My Father Was A Lunatic

Dentist Riot

Fig. 1

And still is. And, he’d agree. Happily. During his speech at my wedding, he extracted a long-ago Father’s Day card, from me, from his suit pocket, which I had forgotten until that moment. In it, I had quoted Spike Milligan. My father, with great relish, read said quote: “My father had a profound influence upon me. He was a lunatic.” I adore my father. That’s him (see Fig. 1), snoozing with a teddy bear at a family friend’s party several years ago. When things are going well, one of his favourite sayings is “life wasn’t meant to be this easy!” with a feigned tone of astonishment.I was reminded of this last week when I read a rather radical statement in the thought-provoking book Intentional Parenting.

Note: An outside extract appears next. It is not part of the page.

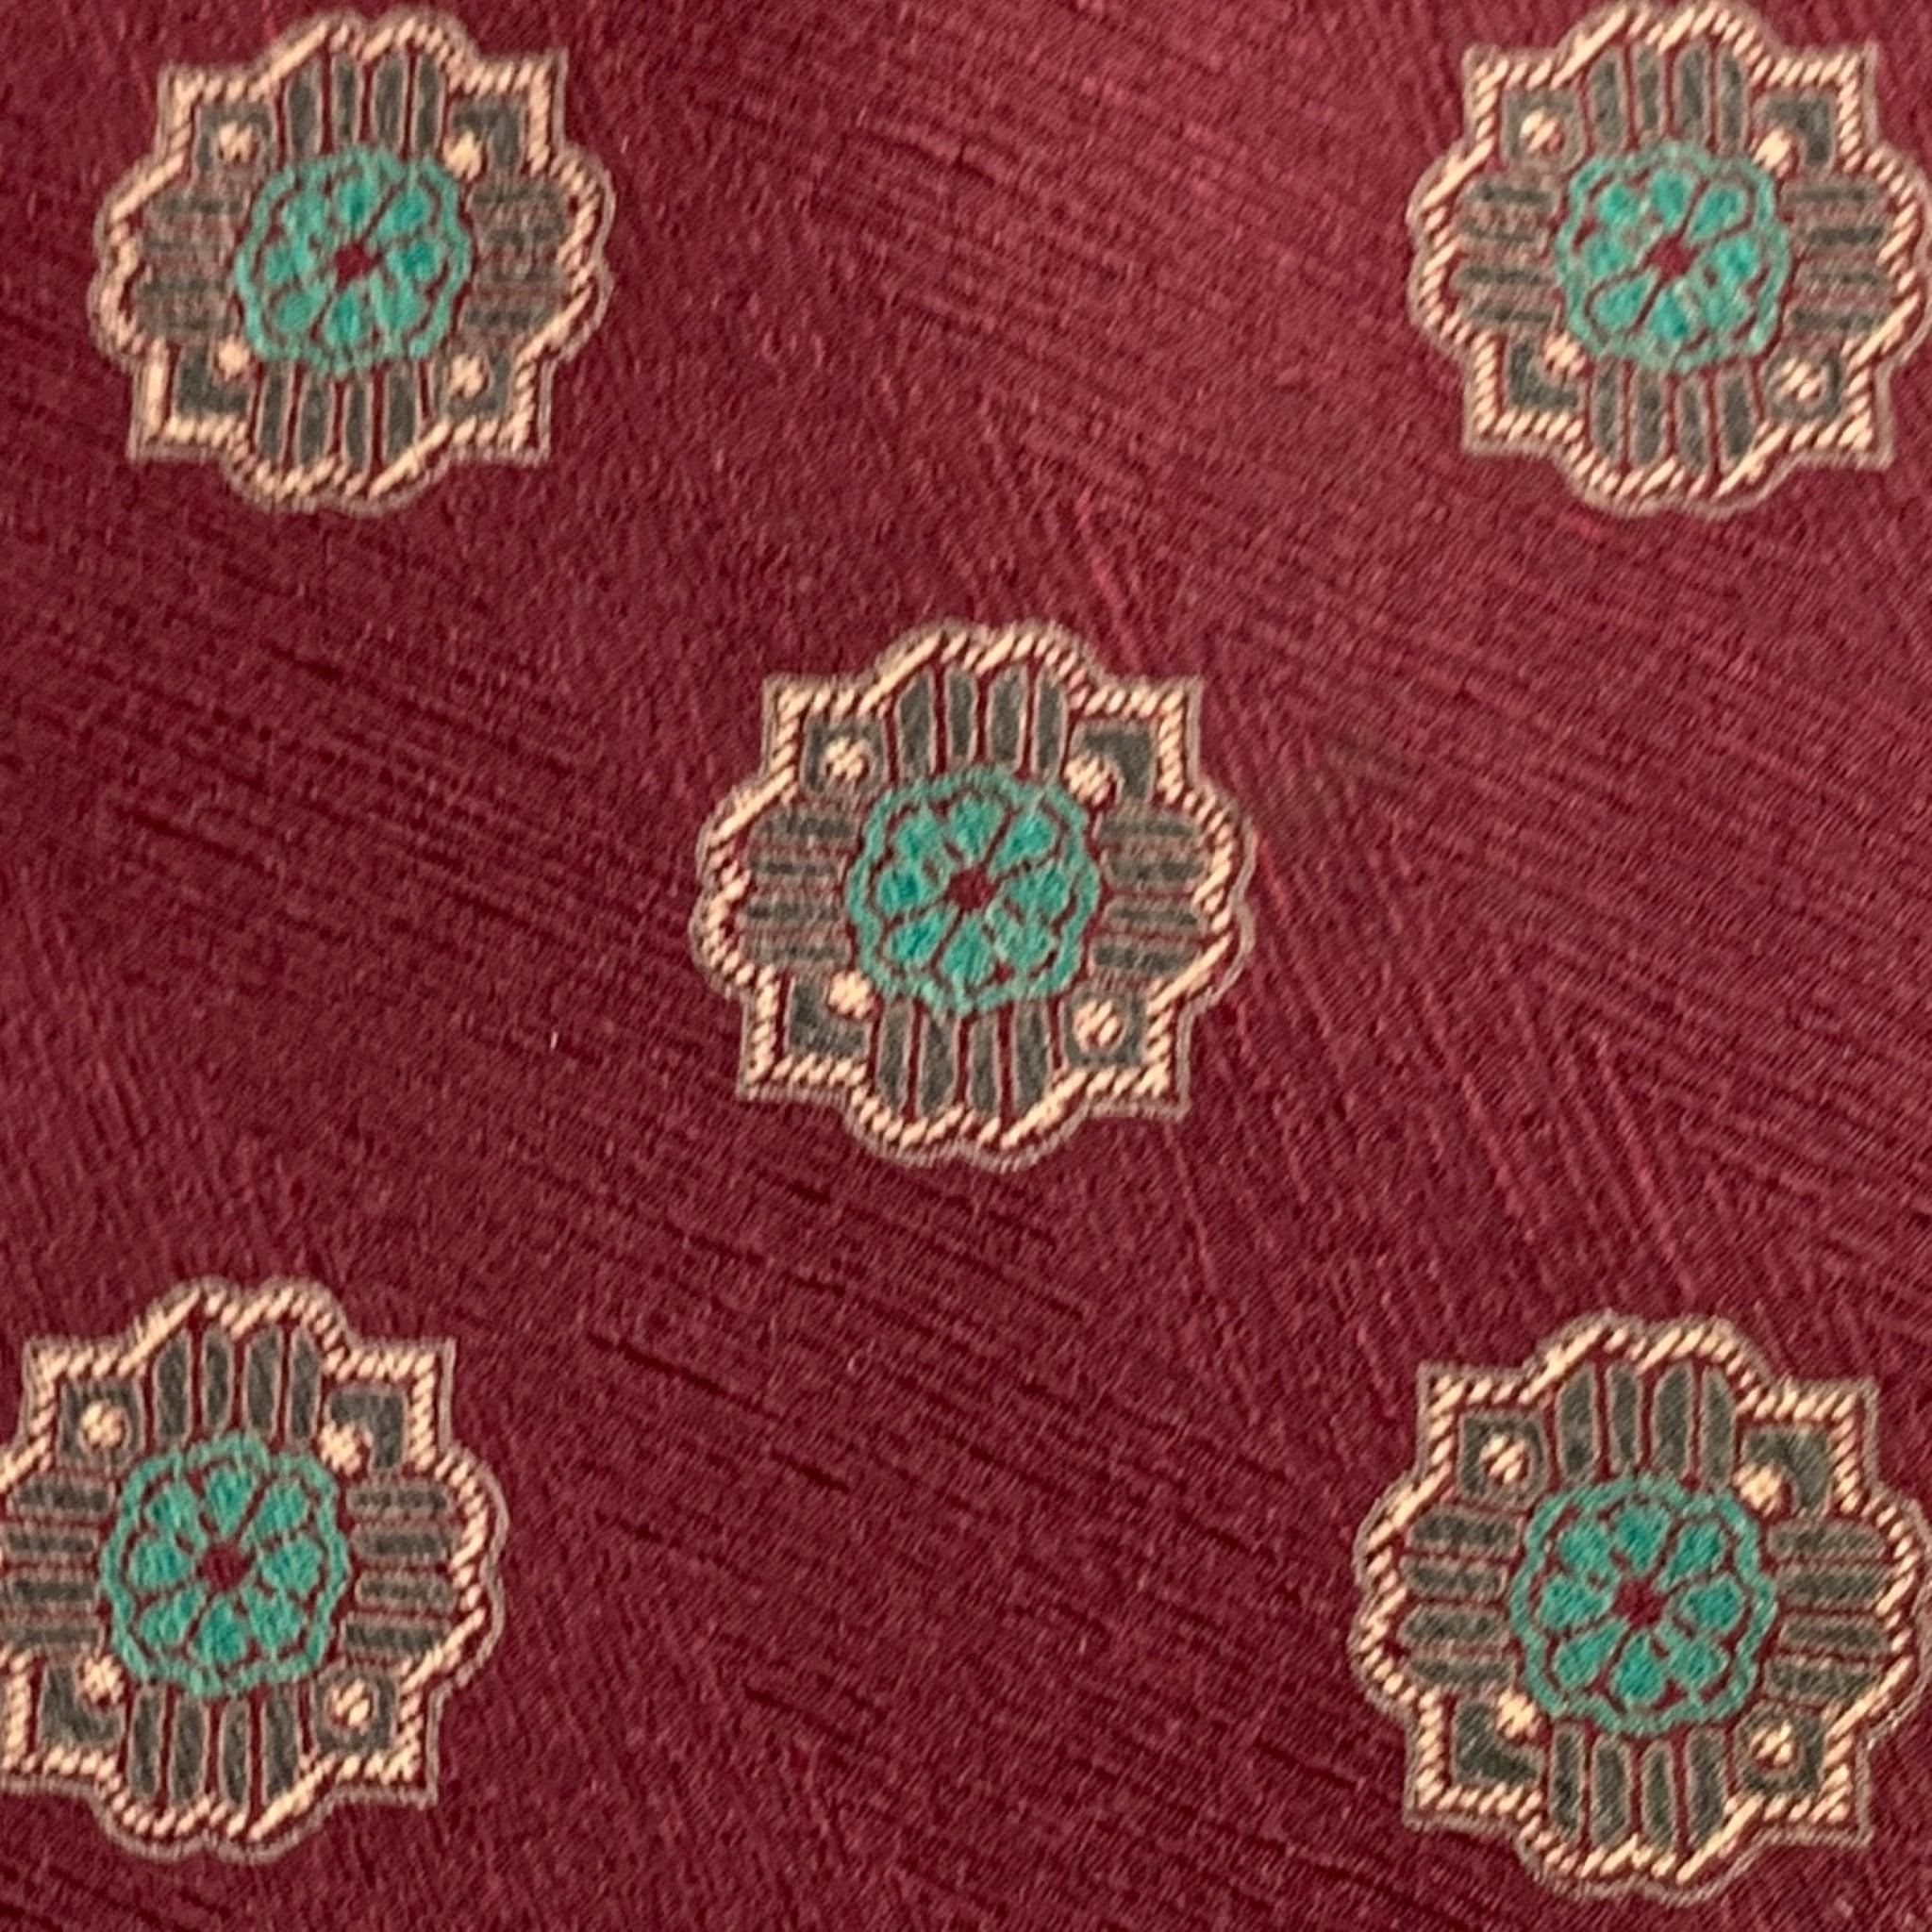 GIORGIO ARMANI Burgundy Green Abstract Floral Silk Tie In Good Condition For Sale In San Francisco, CA

The author, Dr Yvonne Sum, asks us to “imagine what it would be like to believe that life is easy.” She suggests that we “have been indoctrinated to believe these rules:

  • Life is bitter.
  • Suffer for your art – or else it’s not worth it.
  • Honest living comes from good hard work.
  • We work to live, we live to work.
  • Easy come, easy go.
  • It’s too good to be true.

… If your reality is to believe life is hard, evidence justifying that in your life validates the rule. Each event reinforces your belief that it is so – and you make decisions according to that reality. To change your reality, you must change the rules you live by.”

In other words, it is our learned attitudes and thought processes that make life more difficult and complicated and prosaic than it should or needs to be. I am convinced the universe lead me to this book and this idea after my crabby mood and subsequent vent last week. I was presented with just the opportunity and inspiration for the attitude adjustment I needed.

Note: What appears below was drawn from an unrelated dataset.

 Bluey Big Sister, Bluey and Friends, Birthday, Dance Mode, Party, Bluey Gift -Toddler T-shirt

My life is easy. I am one of the luckiest people I know. Of course I have experienced suffering and tragedy. I do not think it is realistic to maintain a state of ecstatic joy during every life experience. However, quite simply, I can now see last week’s mental funk for what it was – a relapse into my old, habitual pessimism and melancholy. When I made the conscious decision at the beginning of the year to fall in love with life again, I knew it would require work, attention, reflection and, above all, action, and I knew it would not happen instantly. I choose to apply two of my new rules, gratitude and self-compassion, and sally forth.

“To me alone there came a thought of grief:

A timely utterance gave that thought relief,

And again I am strong.

No more shall grief of mine the season wrong.”

– William Wordsworth, Intimations of Immortality

PS – My father’s favourite song is the Monty Python classic, Always Look on the Bright Side of Life Apt, non?


8 responses to “My Father Was A Lunatic

  1. Your dad sounds great. Am following your struggle with melancholy closely as I am a lot like you in this regard. Take it easy and be kind to yourself, you are a good woman.

    • He is a wonderful, hilarious, unusual man. Re melancholy, it is something that has aways been a part of who I am, even from quite a young age. I feel things, good and bad, very deeply, and find it difficult to “let go”. I do not think it is something to be ashamed of, or to quash completely. Part of my “journey” this year is learning how to acknowledge it, feel it, and then move past it again and not lose sight of the wonder and beauteousness of life, which I was realy in danger of doing last year. xx

  2. The old power of the mind, of the right attitude – reminds me of some Ghibran: “Your living is determined not so much by what life brings to you as by the attitude you bring to life; not so much by what happens to you as by the way your mind looks at what happens.” This puts you in the drivers seat.